The smart cameras that Rubin & his co-founders envisioned would use the Android OS to connect to PCs, but it was reworked to better fit smartphones as that market had began to grow at a great pace.
"The exact same platform, the exact same operating system we built for cameras, that became Android for cellphones," Android co-founder Andy Rubin said at Japan New Economy Summit in Tokyo. Rubin, who became a high-level Google exec after the acquisition of Android in 2005, said the planned camera platform was heavily built around cloud services and online storage.
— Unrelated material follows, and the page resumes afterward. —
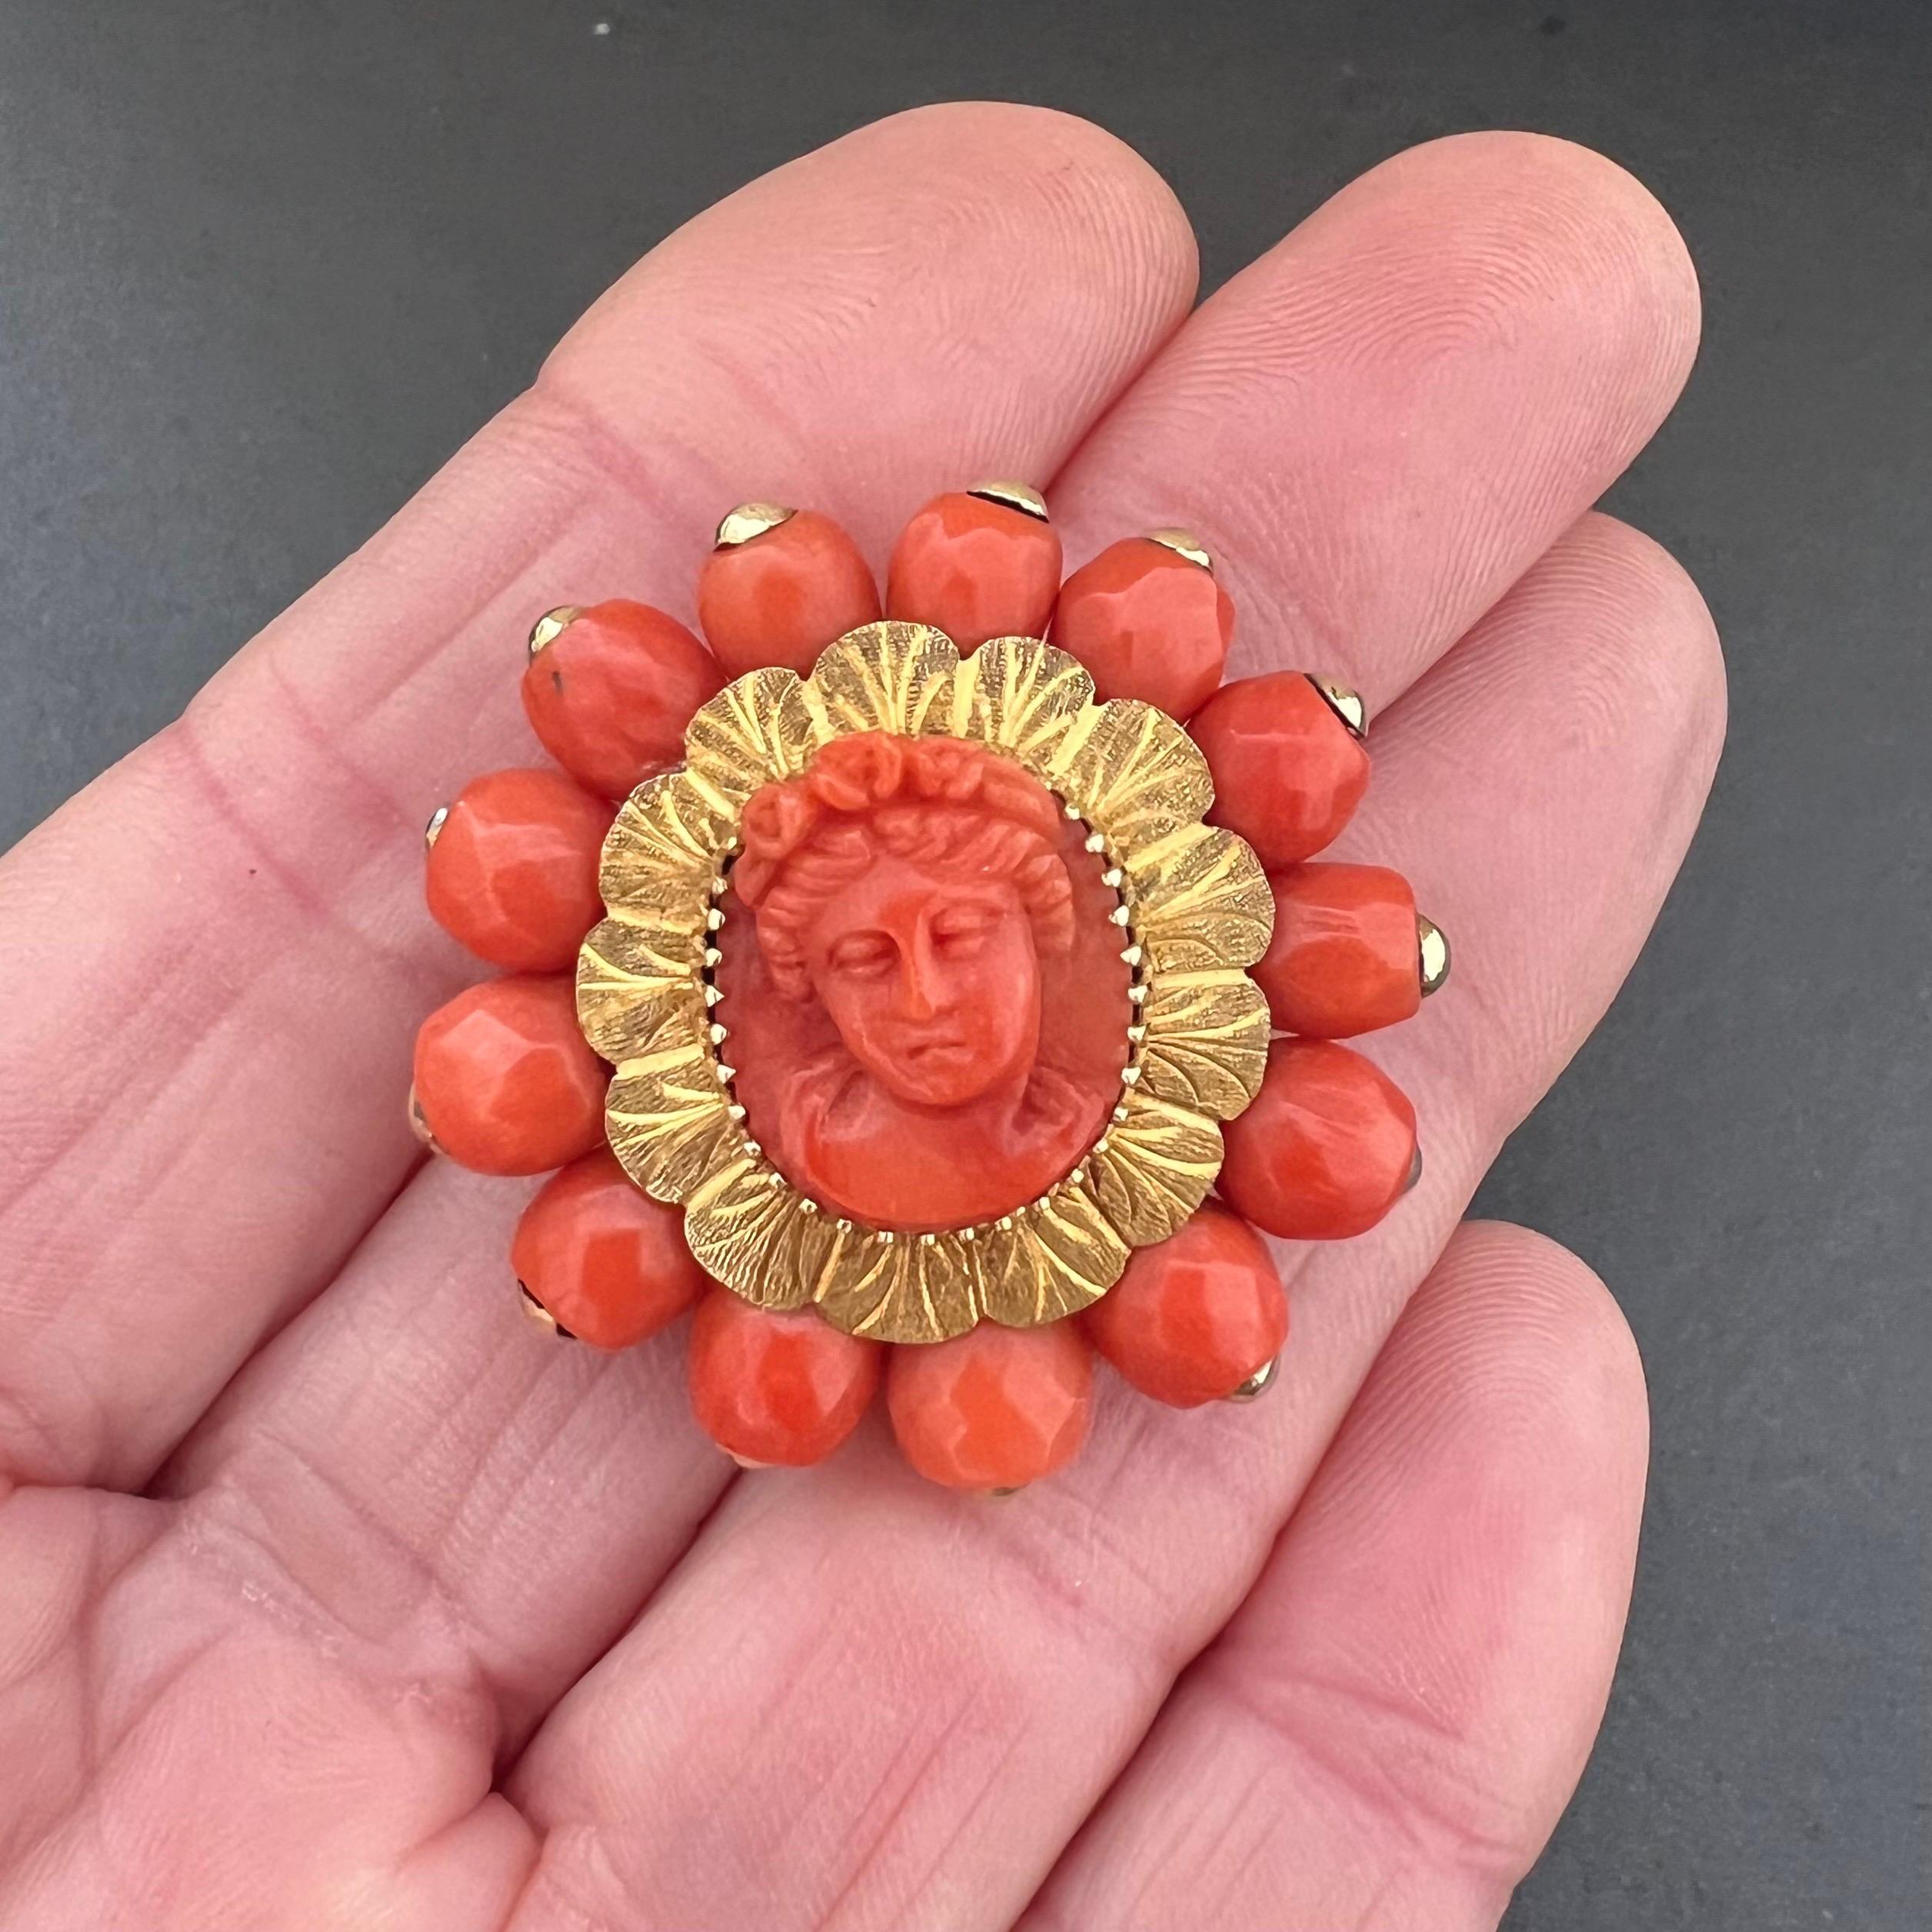 A beautiful 14 karat yellow gold hand-carved in high relief coral brooch set with a cameo in the center. The large coral beads on the edge are faceted and have a gold cap at the top and attached to the brooch. The beautifully carved oval cameo shows

Rubin also showed slides from the original pitch to investors in April 2004, one of which showed a camera connected to a home computer in wired and wireless setups and which then linked to an Android Datacenter. Growth in digital cameras was gradually slowing down as smartphones changed the market and made digital photography truly mainstream. Rubin and Co revamped their business plan and five months after the original pitch, the company called their OS platform an "open-source handset solution," which is how we are most familiar with Android now.
Then, in 2005, Android got team members with experience at the likes of T-Mobile and Orange, and began to target the then smartphone biggie Windows Mobile. Apple's iOS didn't enter the picture until 2007. "We decided digital cameras wasn't actually a big enough market. I was worried about Microsoft and I was worried about Symbian, I wasn't worried about iPhone yet," Rubin said.
He added: "We wanted as many cellphones to use Android as possible. So instead of charging $99, or $59, or $69, to Android, we gave it away for free, because we knew the industry was price sensitive."